Collected material >>
((

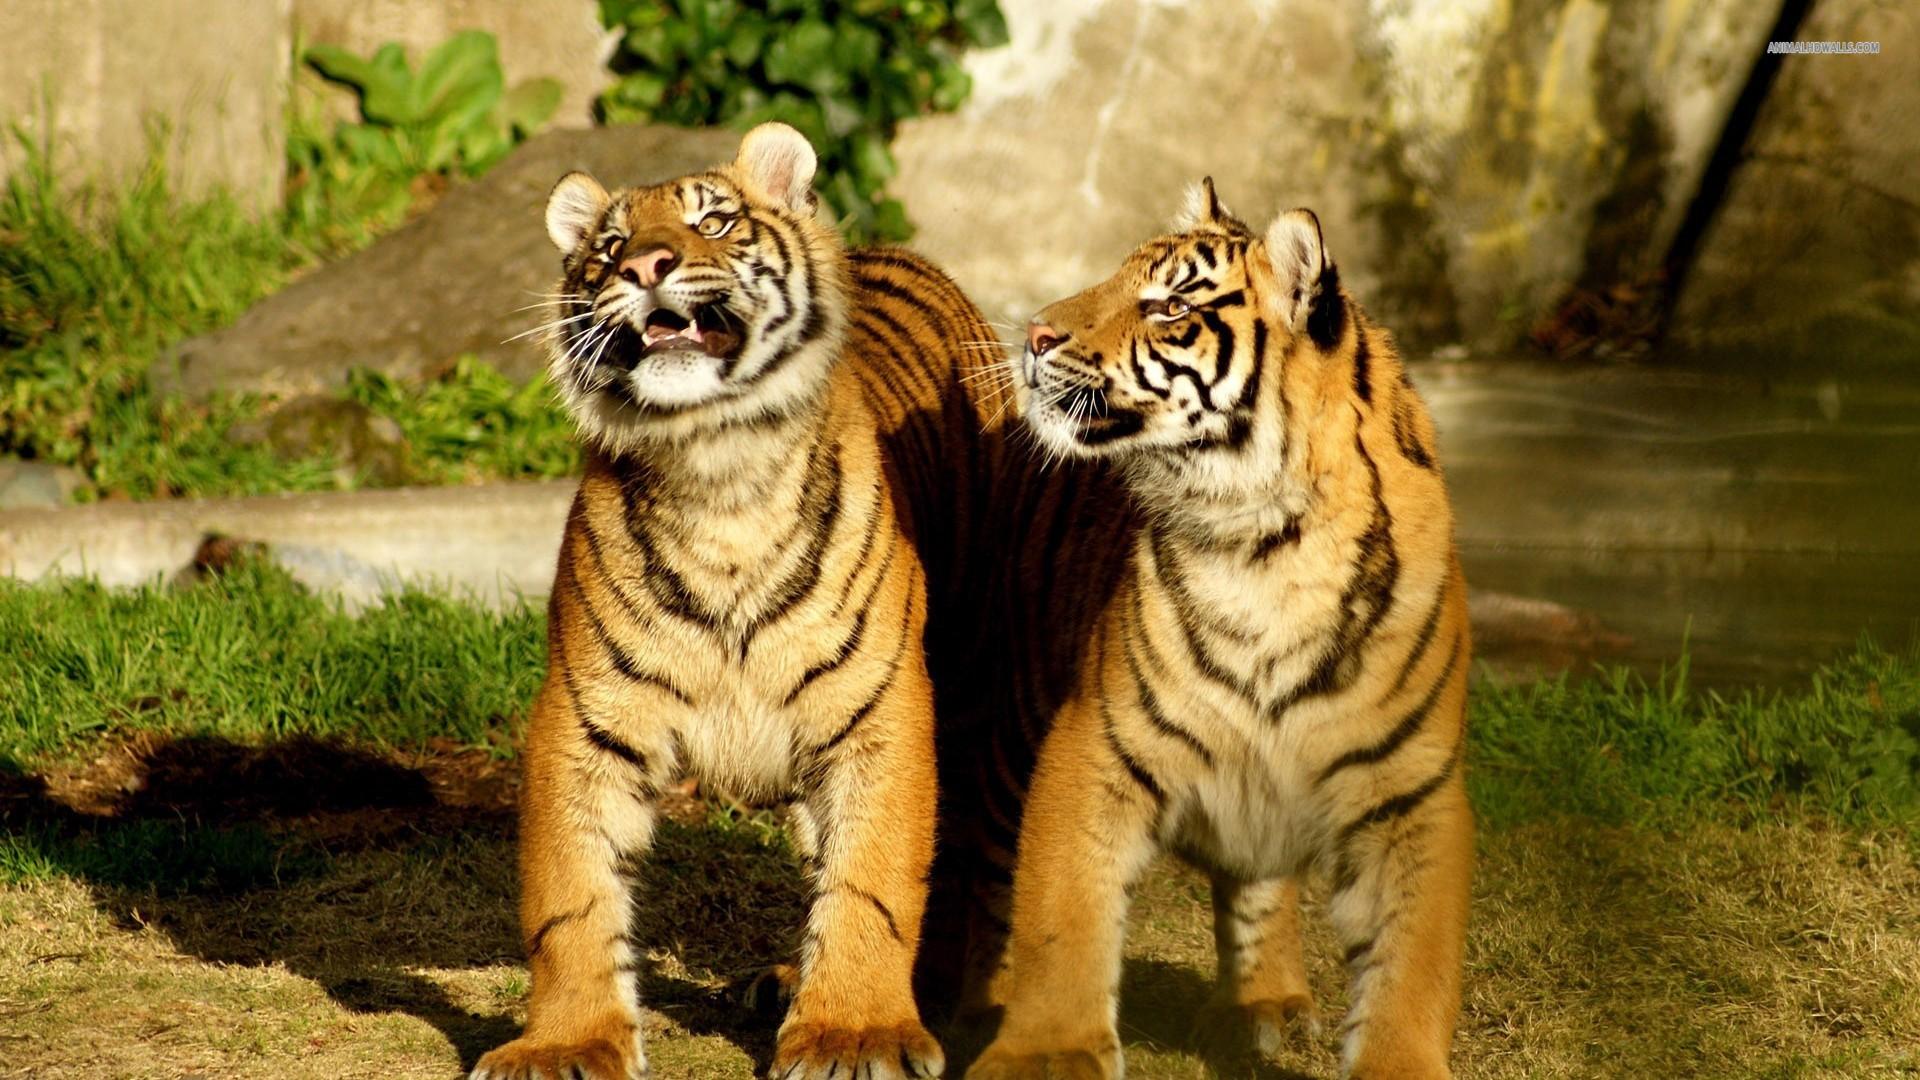 Tigers, animals desktop PC and Mac wallpaper
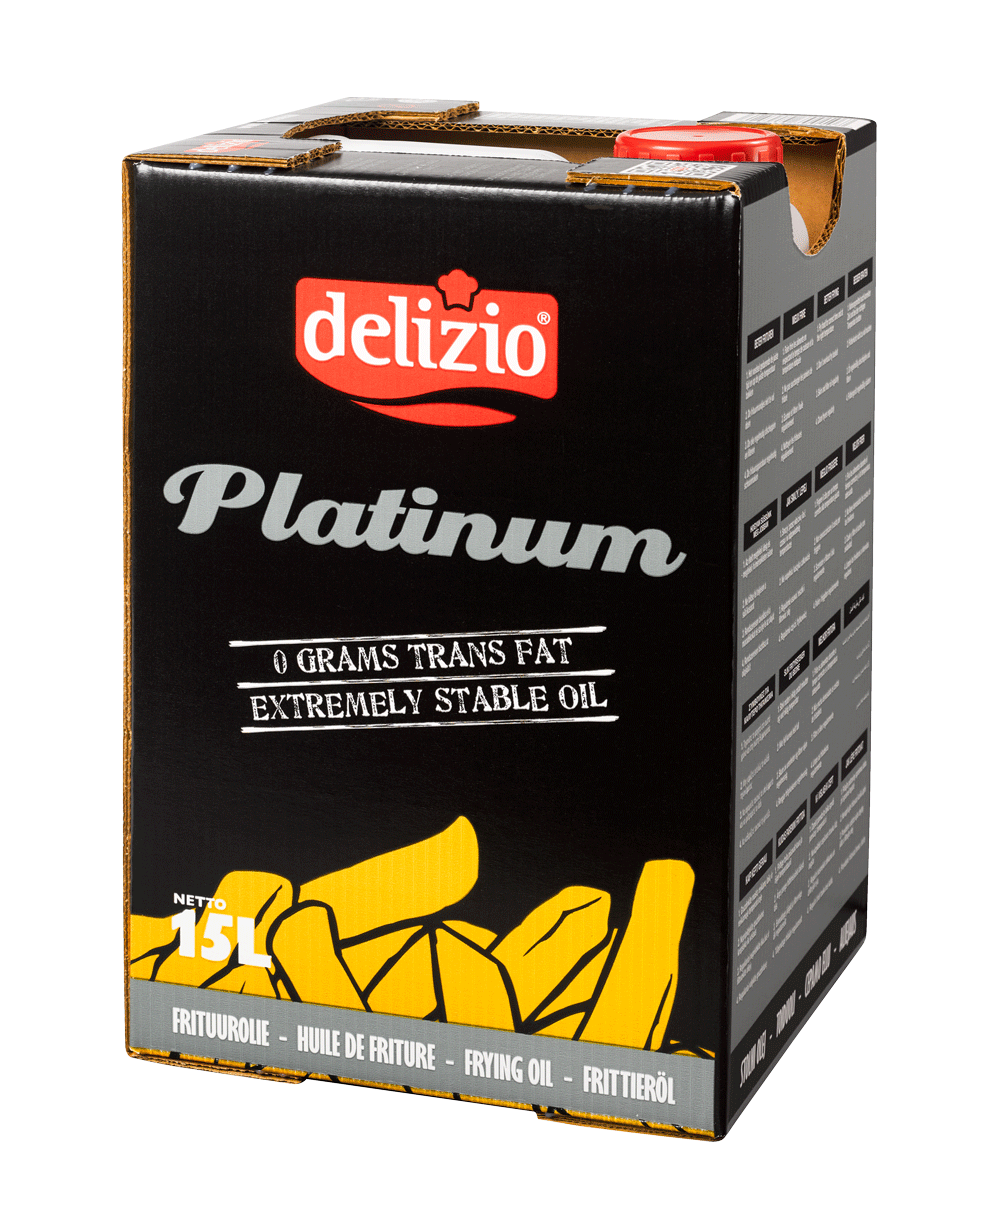 antenne schuld Madeliefje Delizio Platinum 15L frituurolie ringcontainer in grootverpakking Online  Kopen - Nevejan
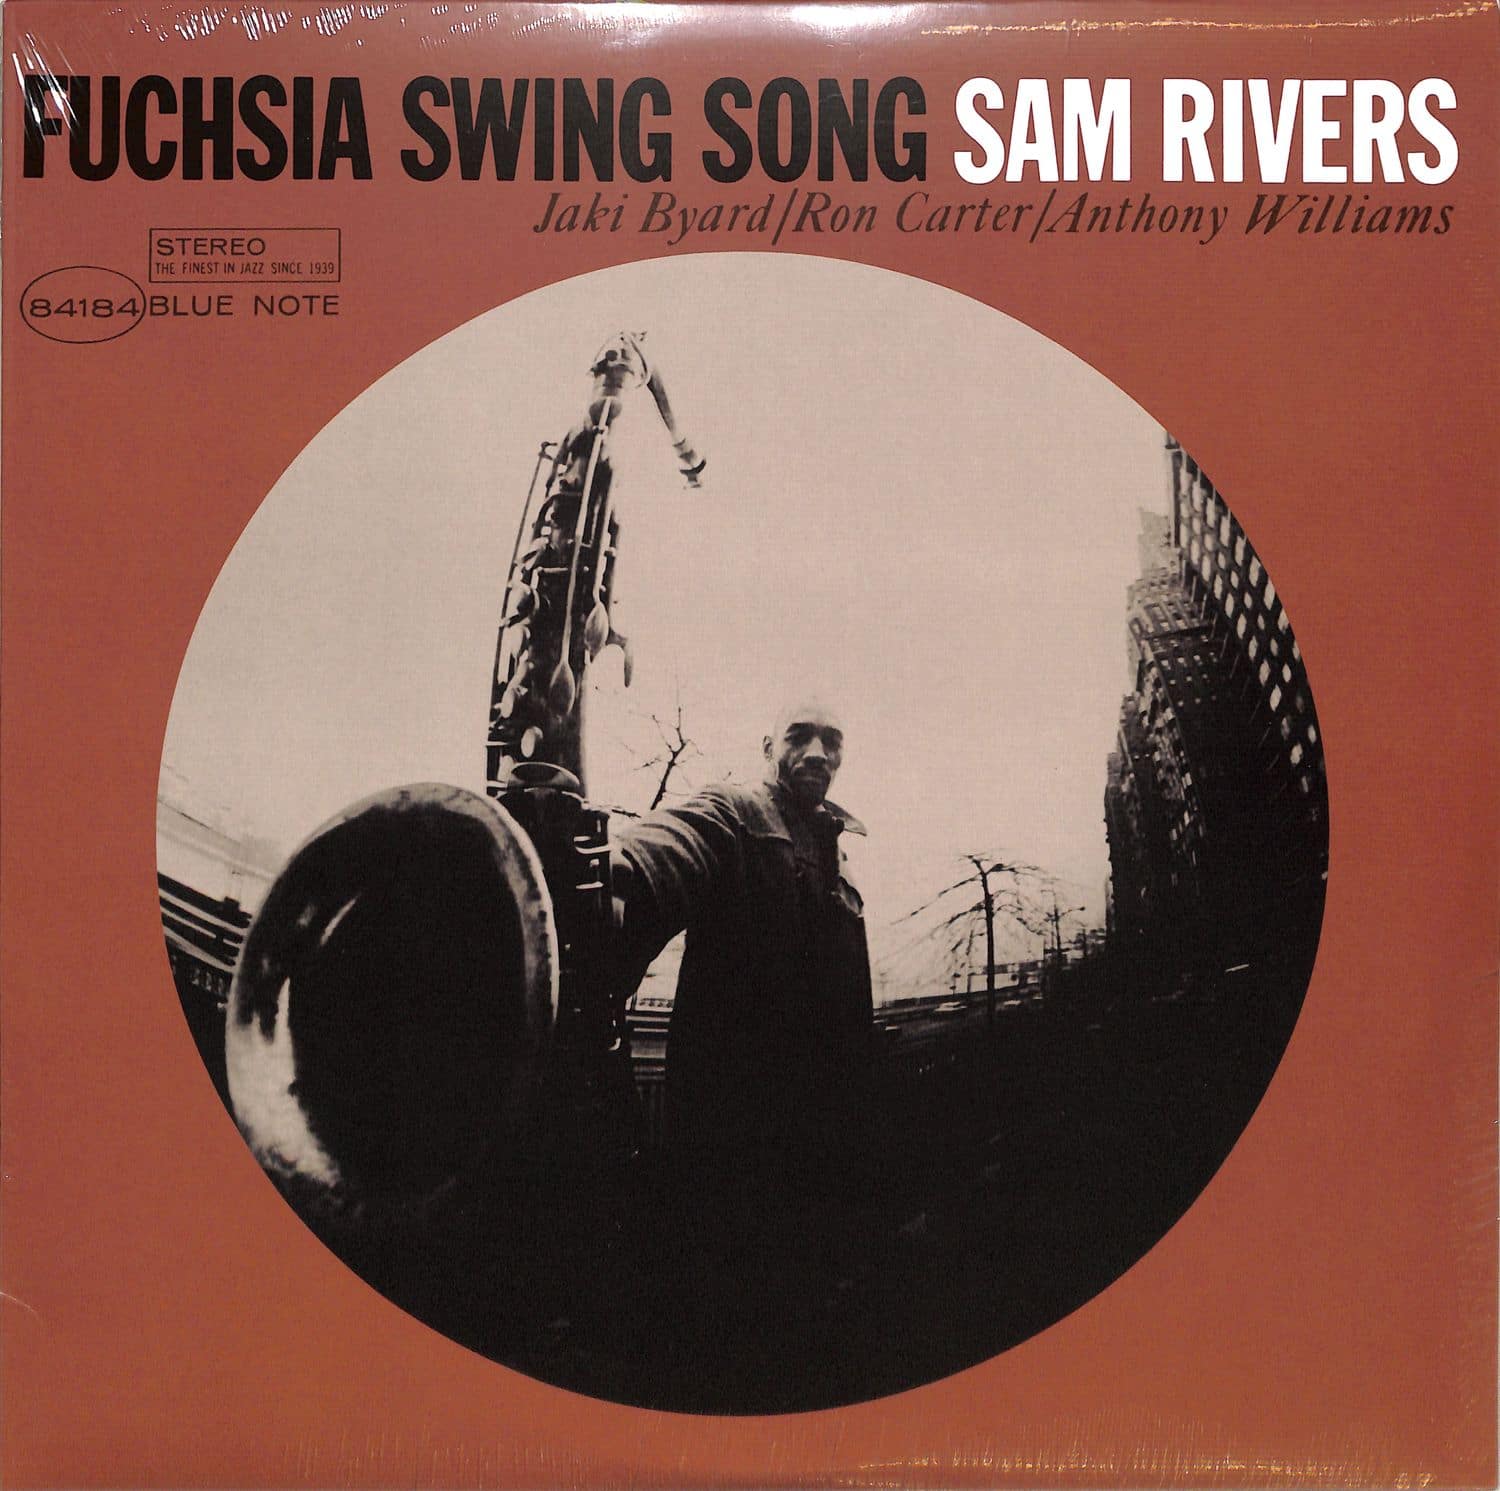 Sam Rivers - FUCHSIA SWING SONG 
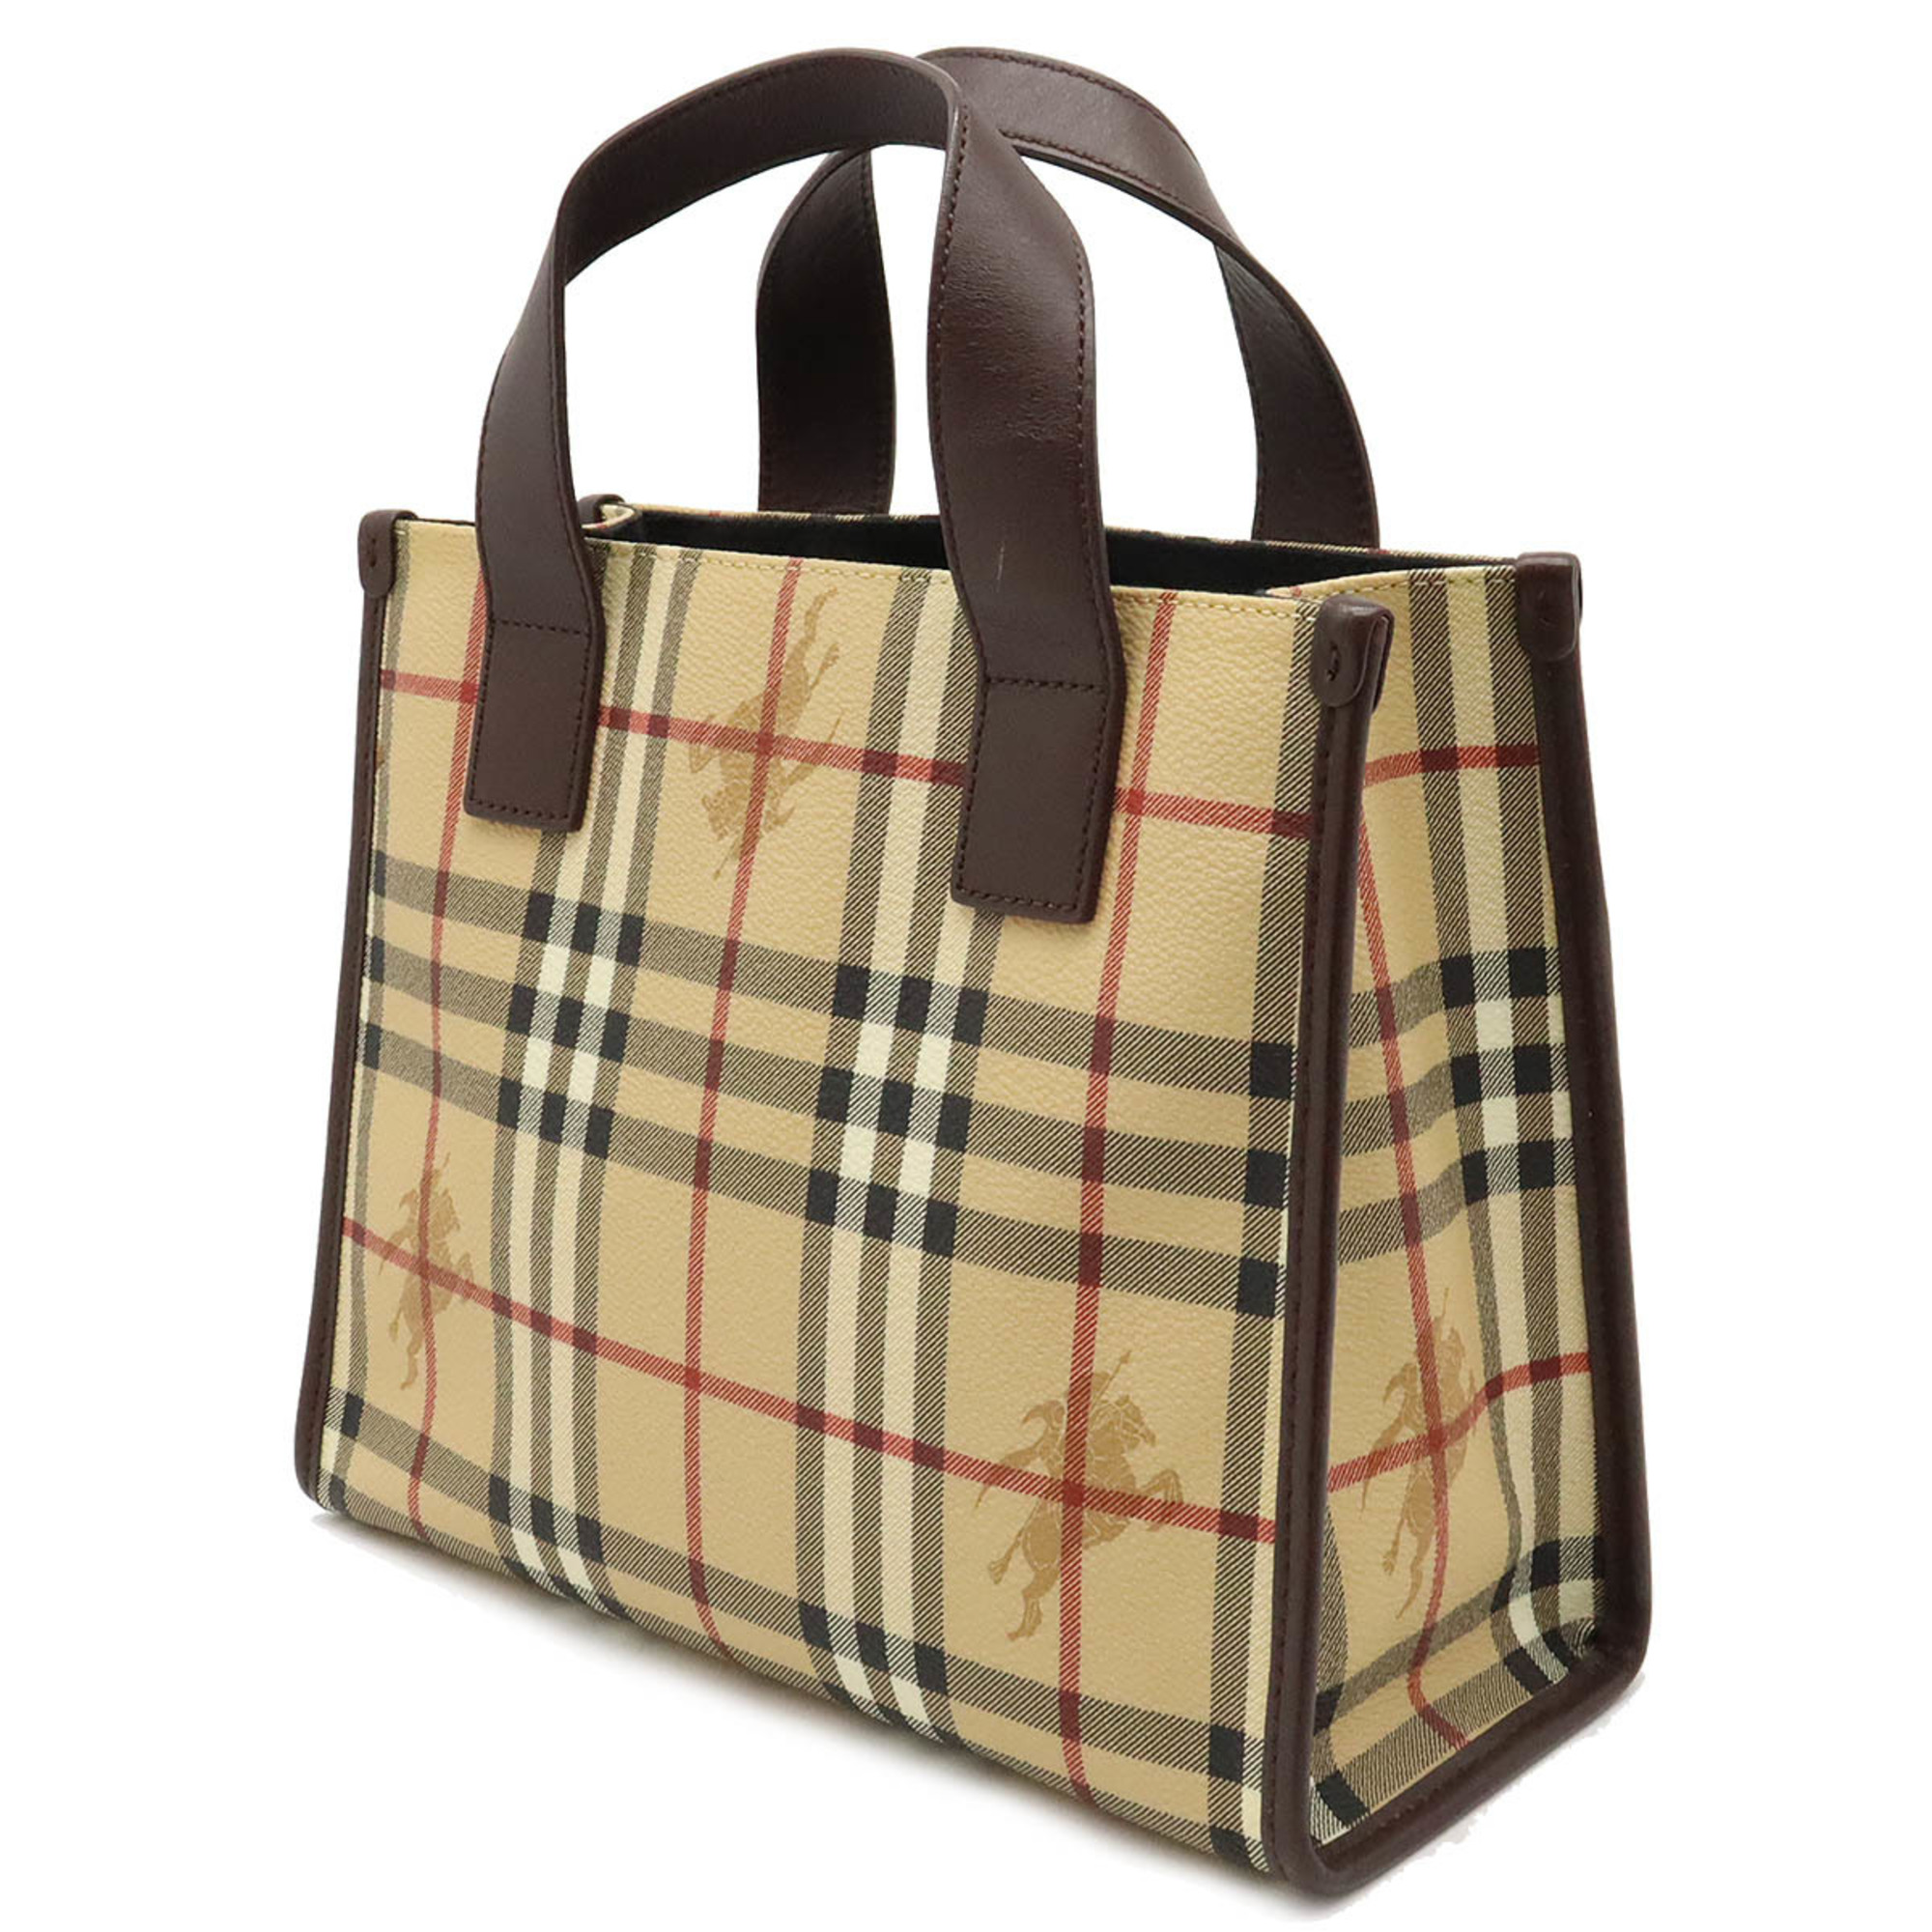 BURBERRY Nova Check Pattern Tote Bag Handbag PVC Leather Beige Dark Brown Red

))

Action item >>
In the copy, no pictures are to appear; write out exactly the lines from the one containing "Sam Rivers - FUCHSIA SWING SONG" through the end of the listing above and no further lines.

Problem solution >>
 Sam Rivers - FUCHSIA SWING SONG 
 BURBERRY Nova Check Pattern Tote Bag Handbag PVC Leather Beige Dark Brown Red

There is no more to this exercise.